_What to work on_.
Keep the pictures out of the copy and print all the entries below exactly.

_Exercise materials_.
------------------------------------------------------------

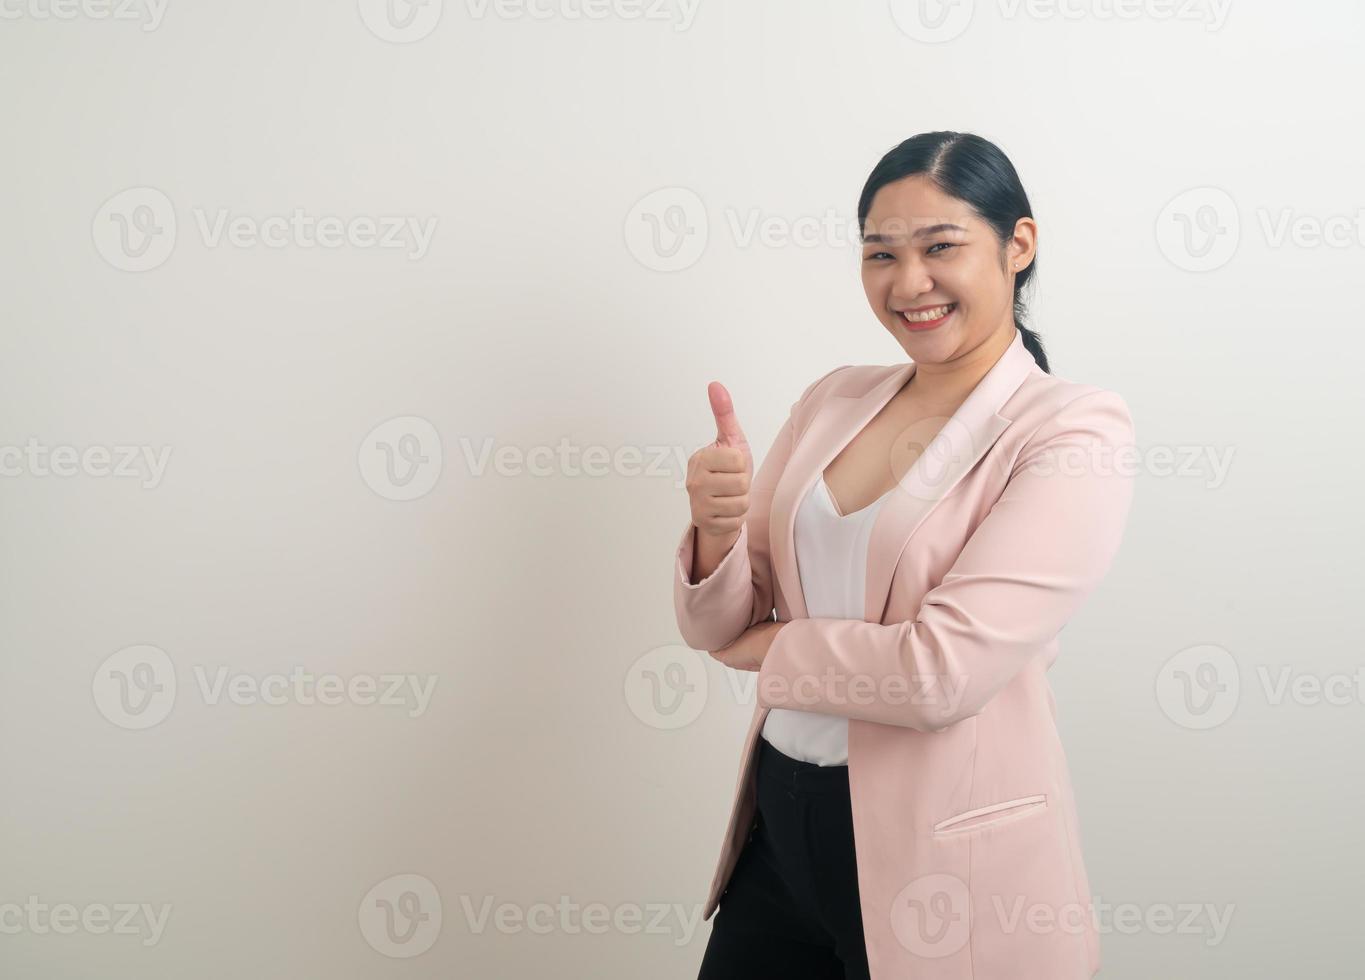 Asian woman with thumb up white background photo
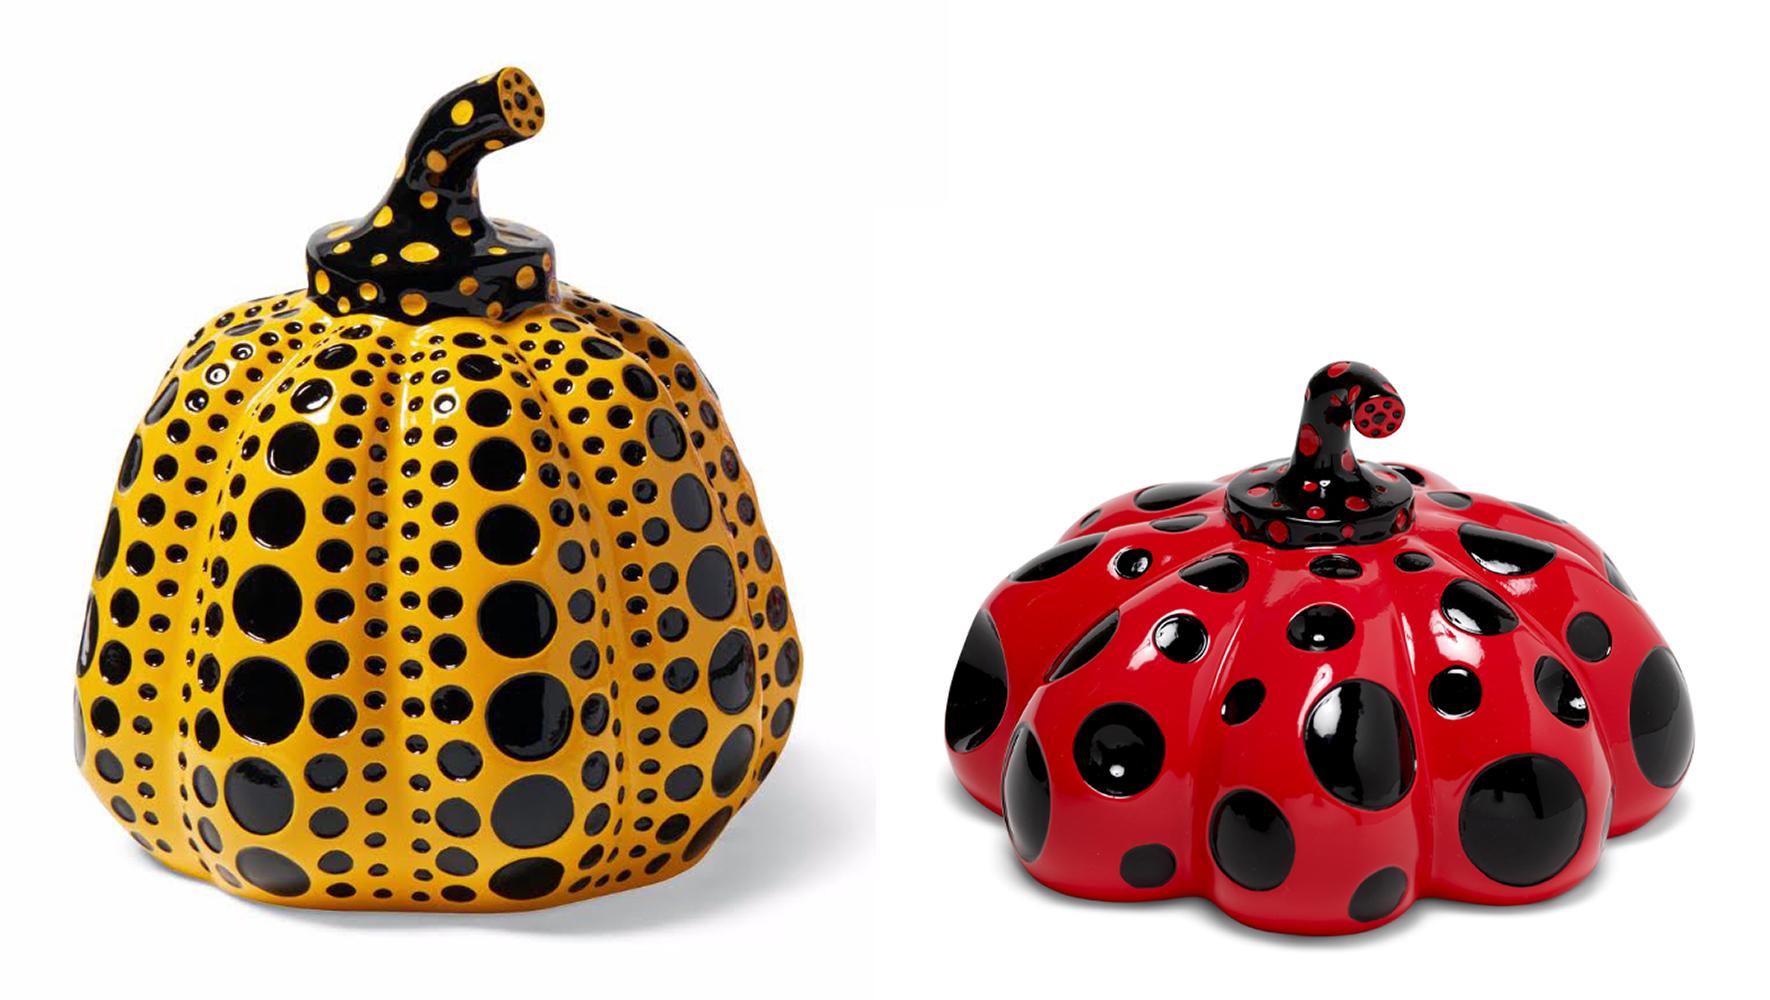 Yayoi Kusama Set of 2 Pumpkins: Yellow and Black & Red & Black Naoshima:

An iconic, vibrantly colored pop art set - these small Kusama pumpkin sculptures feature the universal polka dot patterns and bold colors for which the artist is perhaps best
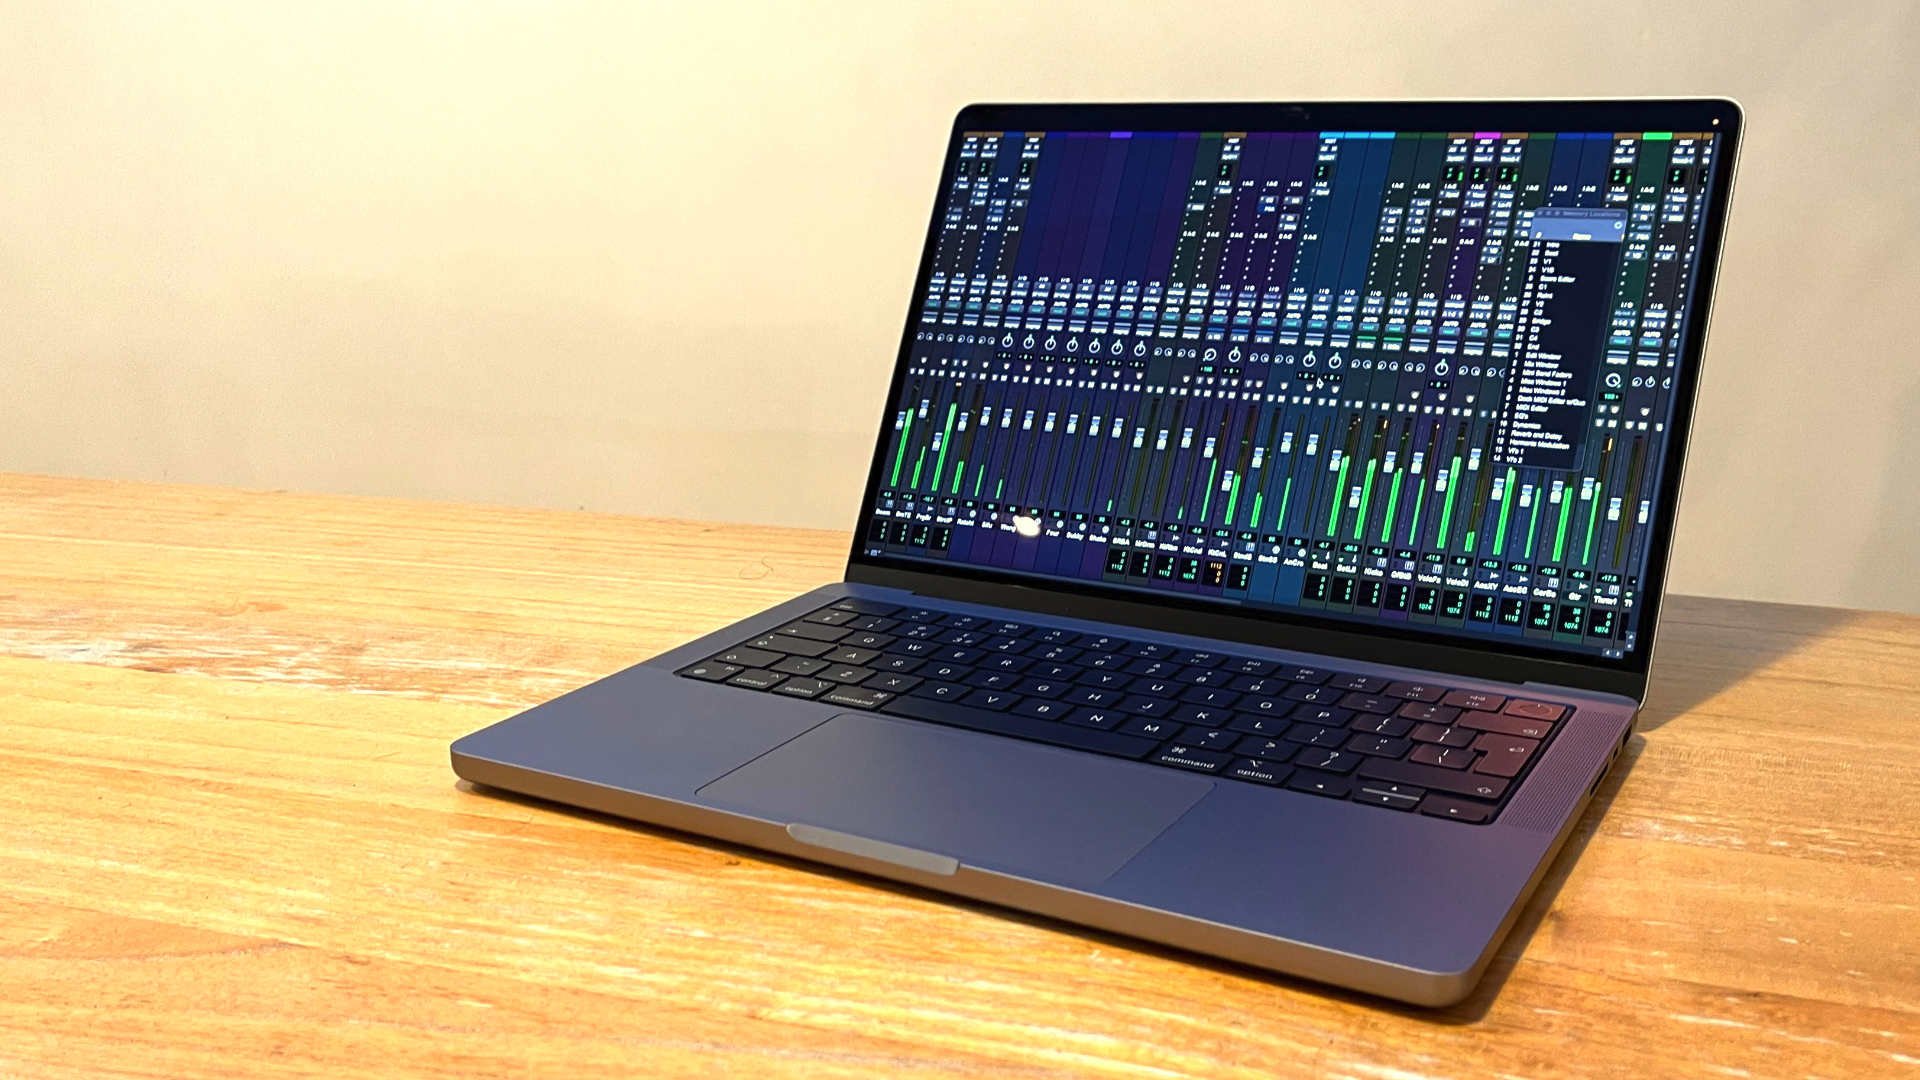 MacBook Pro 2021 With M1 Max - Experts Give Their First Impressions
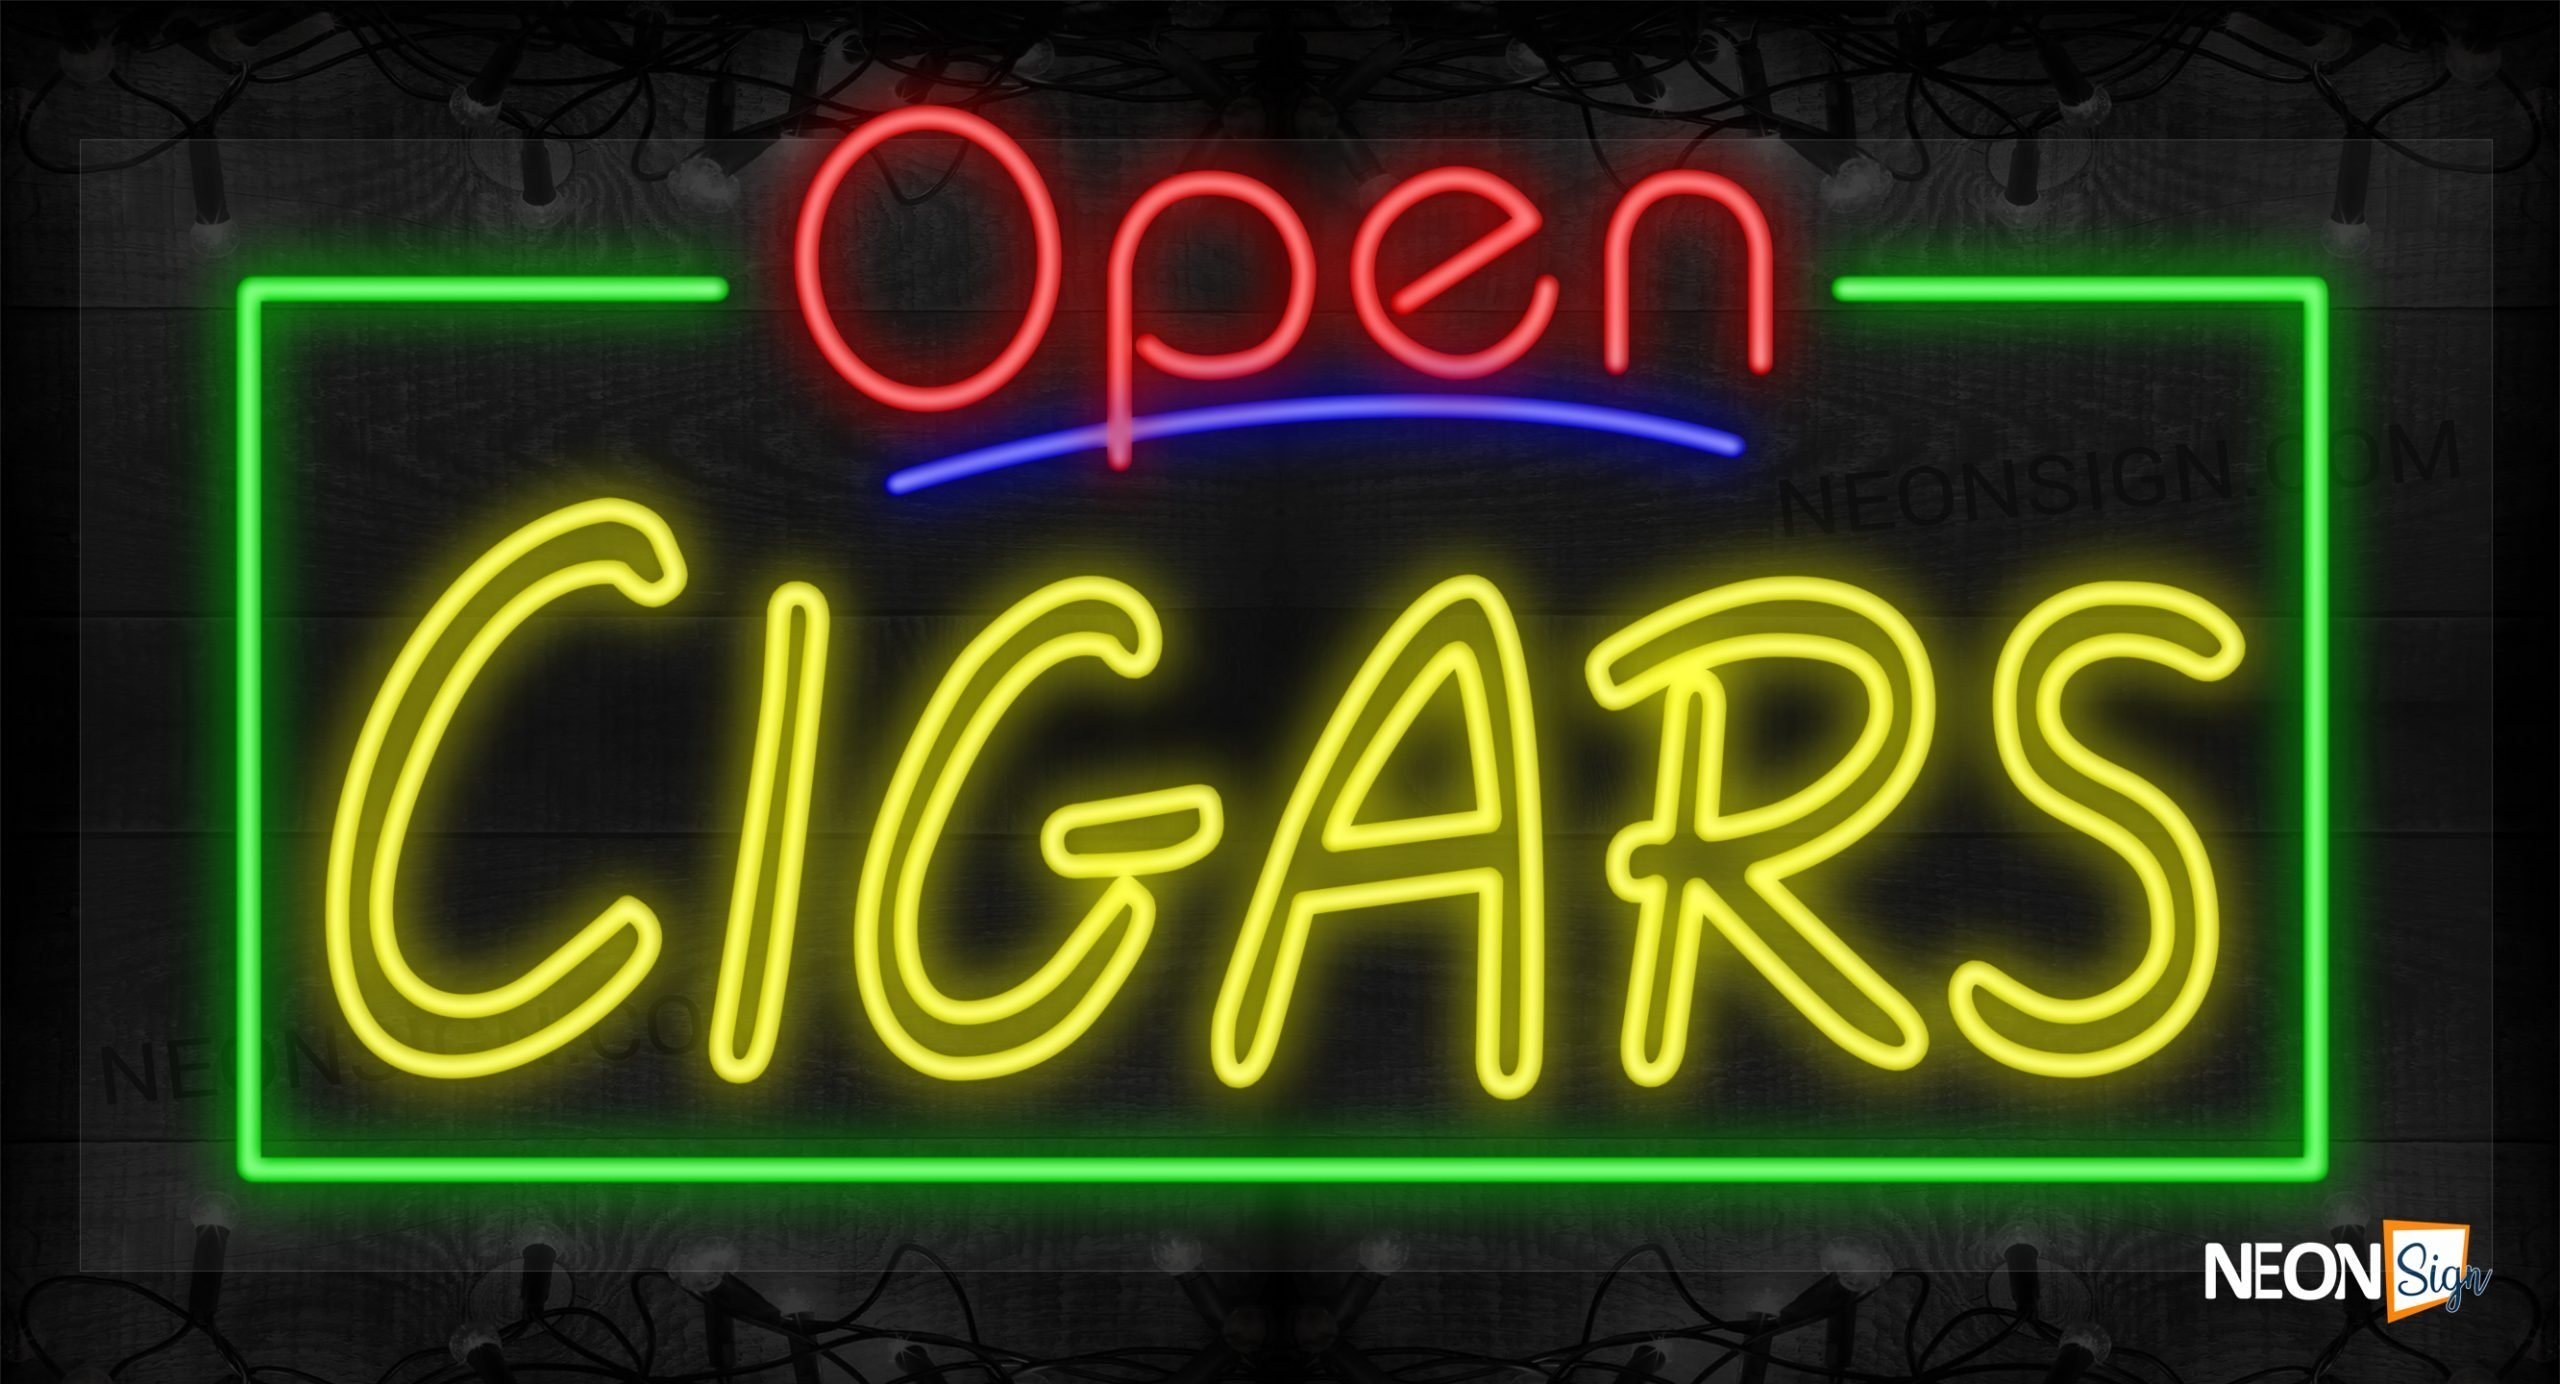 Image of Open Cigars (Double-Stroke) with Green Border LED Flex

------------------------------------------------------------

_Reply to the exercise_.
 Asian woman with thumb up white background photo
 Yayoi Kusama Set of 2 Pumpkins: Yellow and Black & Red & Black Naoshima:

An iconic, vibrantly colored pop art set - these small Kusama pumpkin sculptures feature the universal polka dot patterns and bold colors for which the artist is perhaps best
 MacBook Pro 2021 With M1 Max - Experts Give Their First Impressions
 Image of Open Cigars (Double-Stroke) with Green Border LED Flex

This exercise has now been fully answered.